Beware, just because something was done a certain way this year does not mean that should be the agreement every year unless you agree to that in your discussions. If your co-parent has a certain arrangement this year, but it is important that the occasion alternates year over year, let them know that during the conversation.

 

  1. Review the Custody Agreement: At the end of the day, if your divorce is finalized, then you have a custody agreement. Custody agreements can vary in complexity and detail. If you need help understanding your custody agreement, or want legal help understanding your options if you and your co-parent can’t agree, then consider scheduling a consultation with a lawyer. An attorney can listen to your desires and advise on what legal options you have to get the things you want.

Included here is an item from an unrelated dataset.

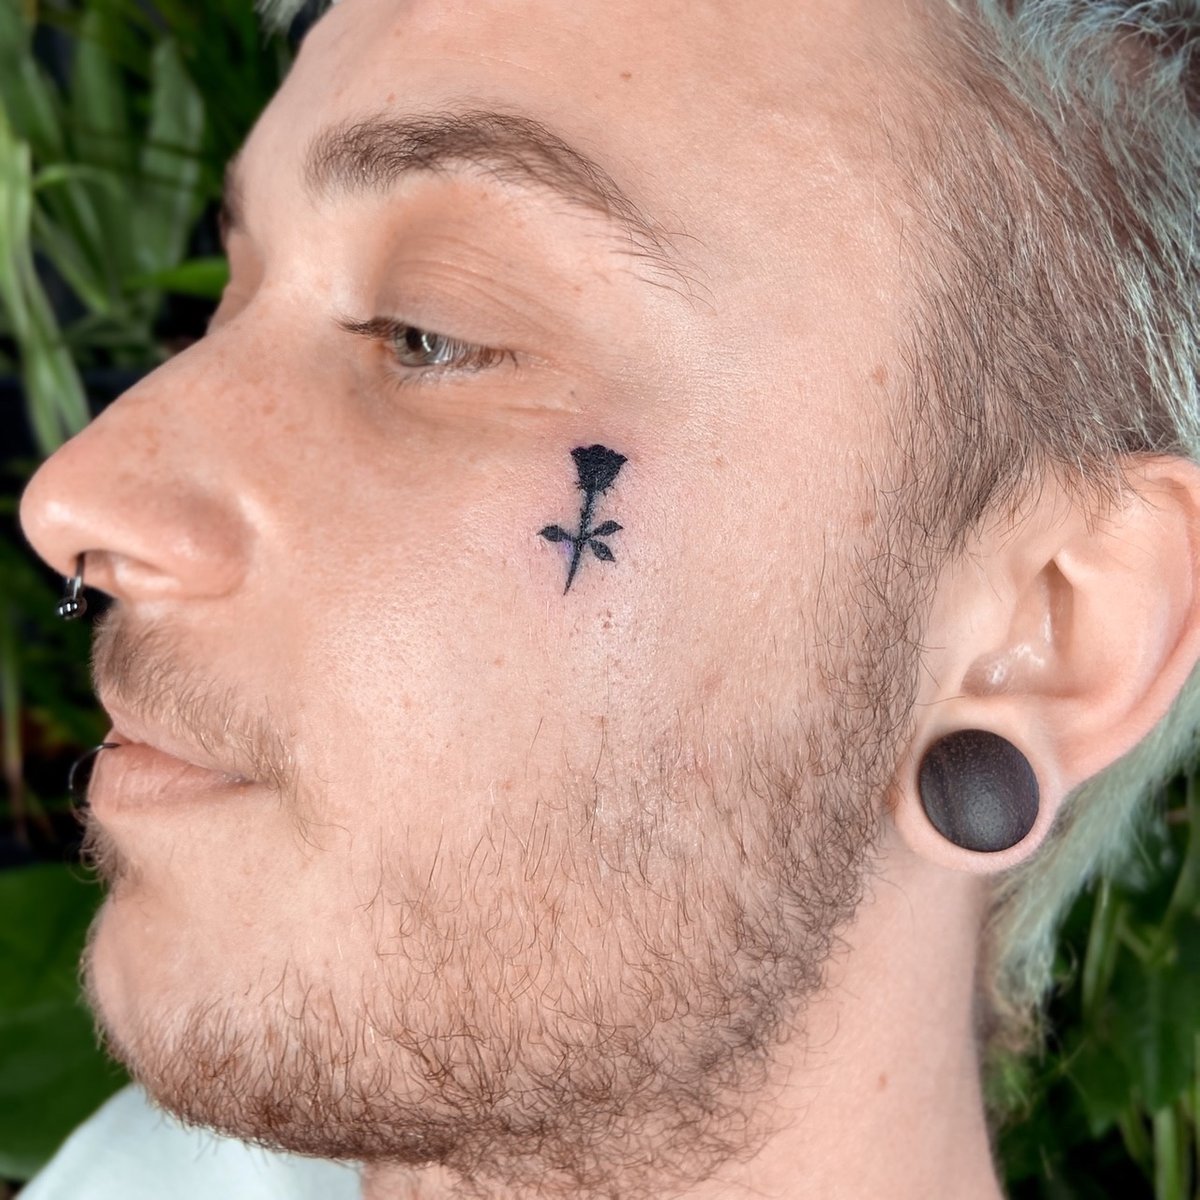 Spirytusz-tatuaż-Black & Grey-Blackwork / Blackout-Ignorant / Pato tattoo-Minimalizm

It is always best to try to reach an agreement before going to court, but if you fear there is no way forward, this may be your only option.

 

Holidays can be stressful on their own, adding conflicting schedules and an unreasonable co-parent can make them event more difficult. However, using the strategies in this article can help you go into conversations with a clear plan of action. If things do not work out, there are options for you to get a fair schedule with your children. Remember you are not alone, there is a team of professionals waiting to assist you in your scheduling negotiations. Reach out for help if you need it, you will thank yourself later.